L’usine Delpharm de Lys-lez-Lannoy a ouvert ses portes à La Voix du Nord, qui dévoile le parcours de fabrication des médicaments. Des entrepôts aux lignes de production, précautions et minutie sont de rigueur.

Des précautions à respecter

La visite d’une telle usine ne se fait pas sans que de multiples recommandations soient faites et quelques précautions soient prises. Damien Parisien, le directeur de Delpharm, a autorisé l’accès à son usine avec l’obligation de discrétion quant au nom des laboratoires qui y font fabriquer leurs médicaments, et le respect d’un certain nombre de mesures de sécurité et de protection, même si l’usine n’est pas un site “à risque”. Outre la sécurité, il est évidemment important de prévenir tout risque de pollution du médicament, afin de garantir sa qualité et son efficacité, ce qui implique des mesures d’hygiène drastiques. Une fois toutes les conditions remplies, la visite peut commencer.

Le parcours de production des médicaments

Le directeur compare avec humour la fabrication des médicaments à de la pâtisserie. “On fait un peu comme de la pâtisserie. On pèse, on mélange, on met en comprimé ou en gélule et on emballe”. Si le principe est à peu près le même, c’est malgré tout un peu plus subtil que ça. Les matières premières sont stockées à 100m du site de fabrication. Elles sont analysées et pesées avant d’être envoyées dans un autre bâtiment où elles sont de nouveau pesées. La pesée des matières est une étape cruciale qui nécessite de la rigueur et un matériel d’une grande précision. Conçue pour peser et faciliter les calculs, la balance de labo est un outil utilisé à chaque étape, du développement de la molécule à la fabrication du médicament. Mélangées et séchées, ces matières premières peuvent ensuite passer sur les lignes de production, où elles sont pressées pour devenir des comprimés. Des échantillons sont systématiquement analysés pour contrôler la qualité des produits.
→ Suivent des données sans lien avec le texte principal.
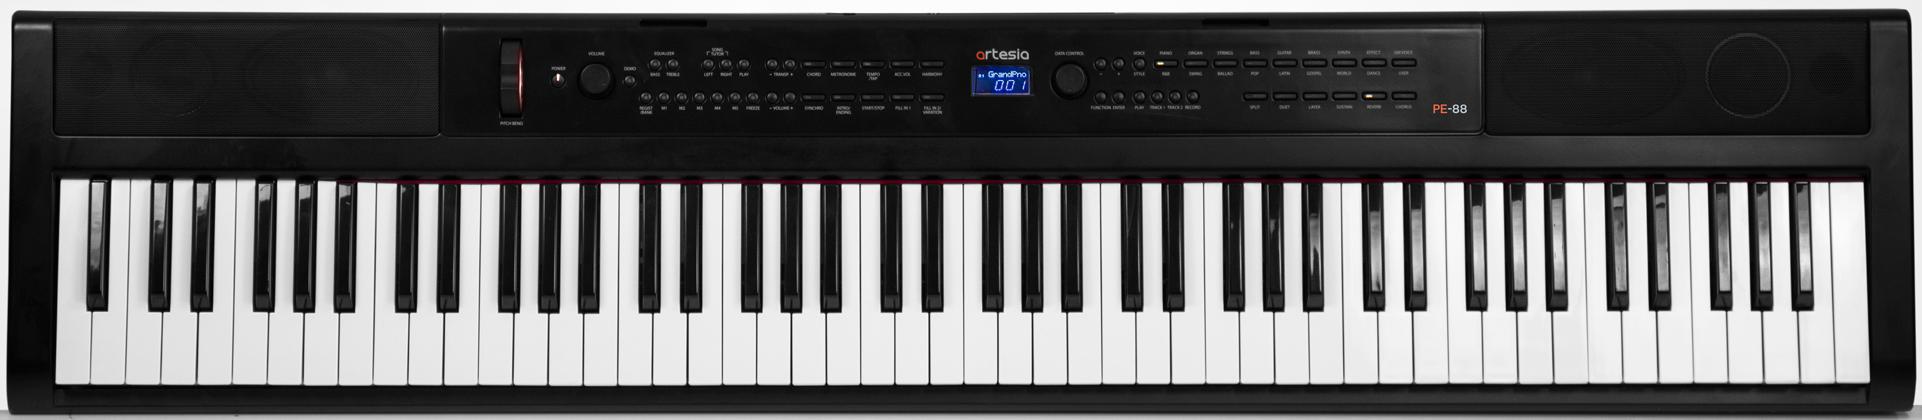 Цифровое пианино Artesia PE-88 BK

Fiche d’identité de l’usine Delpharm

L’usine produit en moyenne 80 millions de boîtes de médicaments par an, essentiellement des médicaments utilisés dans le traitement du cancer, des médicaments dits “hautement actifs “ (antidépresseurs, antiépileptiques…) et des pilules contraceptives. Construite en 1975, elle s’appelait alors Schering, avant d’être rachetée 30 ans plus tard par Delpharm. Elle compte environ 390 employés, dont 25 à 35 jeunes en contrat de professionnalisation.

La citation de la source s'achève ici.